Design a sepsis detection ML pipeline.

1. Clarifying requirements

Business objective Early detection brings more saved lives, and fewer ER rooms would be used

Features the system needs to support?

Data Where will the data come from? How large a dataset? Is the data labeled or not? How much data cleaning do we need to do?

What are our constraints? How much computing power is available? Is it a cloud-based system or should the system work on a device? Is the model supposed to improve over time?

Scale of the system How many users do we have?

Performance How fast must prediction be? Is a real-time solution expected? What is more preferable, accuracy over latency?

2. The problem:

Design a sepsis detection ML pipeline. Data available from the person who is already in a medical facility, having checked in, and based on the input criteria algorithm, should send a warning to the doctor system or raise a flag indicating a high possibility of sepsis.

3. Data preparation.

The parameters can be relevant:

Heart Rate: An elevated heart rate, known as tachycardia, can be an early sign of sepsis. Monitoring heart rate trends over time can help identify abnormalities and prompt further evaluation.

Blood Pressure: Sepsis can cause hypotension, or low blood pressure, which is a critical indicator of septic shock. Regular monitoring of blood pressure can help identify sudden drops that may warrant immediate medical attention.

Body Temperature: Sepsis can result in either high body temperature (fever) or low body temperature (hypothermia). Monitoring temperature patterns can provide valuable information for early detection.

Respiratory Rate: Rapid or shallow breathing, known as tachypnea or bradypnea, respectively, can be associated with sepsis. Monitoring respiratory rate can help identify abnormal breathing patterns.

Oxygen Saturation: Sepsis can lead to decreased oxygen levels in the blood.

The idea is that if all 5 parameters below a certain level, then send an alarm that it is a sepsis, if 3-4 then raise a warning, and otherwise do not raise anything.

I would suppose that we have data with all these 5 parameters, and whether sepsis was detected or not from this. If we have more parameters, it is even better.

We need to split available data into train, val, and test splits. I would do 80/10/10 splits.

5. Model development.

Since we have labels, we can use supervised ML with multiclass classification for 3 classes:

  1. High risk of sepsis
  2. Moderate risk of sepsis
  3. Not a sepsis

To work with supervised learning, we need to follow the ETL process. Which means Extract -> Transform -> Load.

We are getting data from the Database of patients, logs, and maybe other hospital files. Then we need to transform them into labeled data, and after that, work on how it will be efficiently loaded into the system.

Most of the data are numerical values or could be transformed from categorical data into numerical categories. We’re gonna evaluate missing values and work with them as we go. If too many missing data points for a label, it will probably drop this label. With concentration on the main 5, which we described before.

For the model, I think a decision tree could be a good choice. If we did not have enough data, I would consider sampling.

For evaluation, I would avoid accuracy for imbalanced data and focus on recall, precision, and PR–AUC.

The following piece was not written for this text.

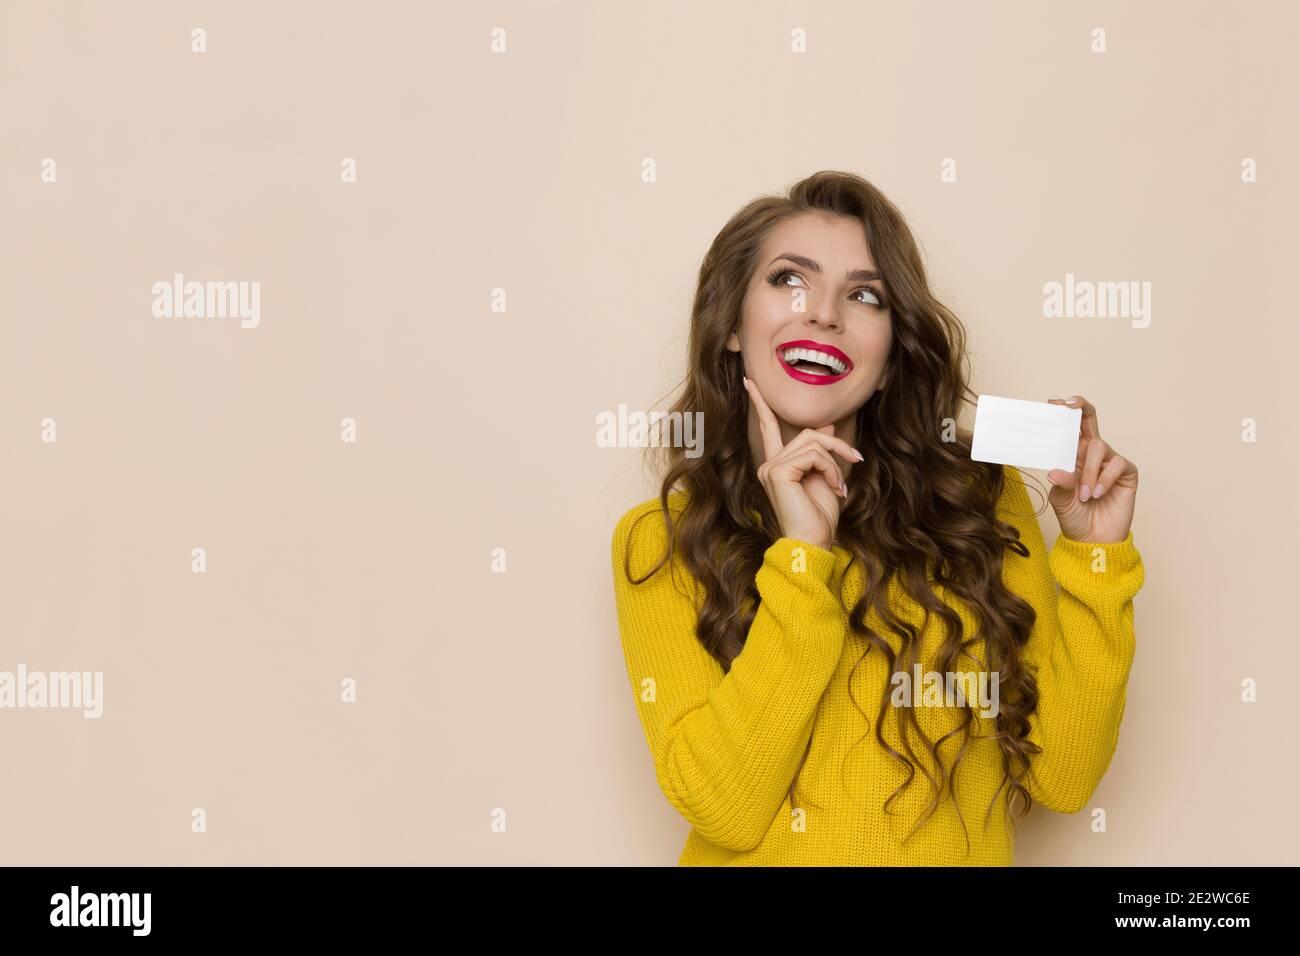 Casual junge Frau hält weiße Plastikkarte, lächelnd, nach oben schauen und denken. Studio-Aufnahme in der Taille auf beigefarbenem Hintergrund. Stockfoto

6. Deployment and serving.

The main question is whether it is on cloud or on device deployment. I would suppose that it is in a local cluster since it is sensitive data. This solution brings us a cheaper cost since no billing from an outside company, but there is a cost in maintenance, and it needs to be upgraded on a regular basis. Latency could also be faster than a base solution. Cons tough that ML could run slower and more general constraints, like we can increase memory immediately, some services needed to be added to the in-house system.

7. Monitoring and infrastructure.

Check for ML data drifts. Monitor prediction distribution and confidence scores. Track actual sepsis outcomes vs predictions. Adjust thresholds for performance degradation.

Monitoring input-output. Input distribution drift (vital signs outside normal ranges). Feature drift in case of population demographics change, and consider how to deal if the missing data rates increase.

Integration of clinical monitoring in case of a false positive rate is increasing. Alert clinical staff if the rate is increasing. Monitor patient outcomes: Mortality, ICU length of stay.

Possibly add feedback loops:

  • Clinician feedback on predictions (useful/not useful)
  • Regular model retraining schedule (monthly/quarterly)
  • Active learning: Flag uncertain cases for expert review

By the end, if we have time to calibrate the system, it’s definitely worth considering bias and fairness to see performance across demographic groups. It is also important that clinical staff understand why alerts fire. So we need to run tests on the staff. Consider liability too, who is responsible if the model misses sepsis? Important: do not disrupt clinical workflow - integration should be smooth, and if possible, run collaboration with other hospitals’ data.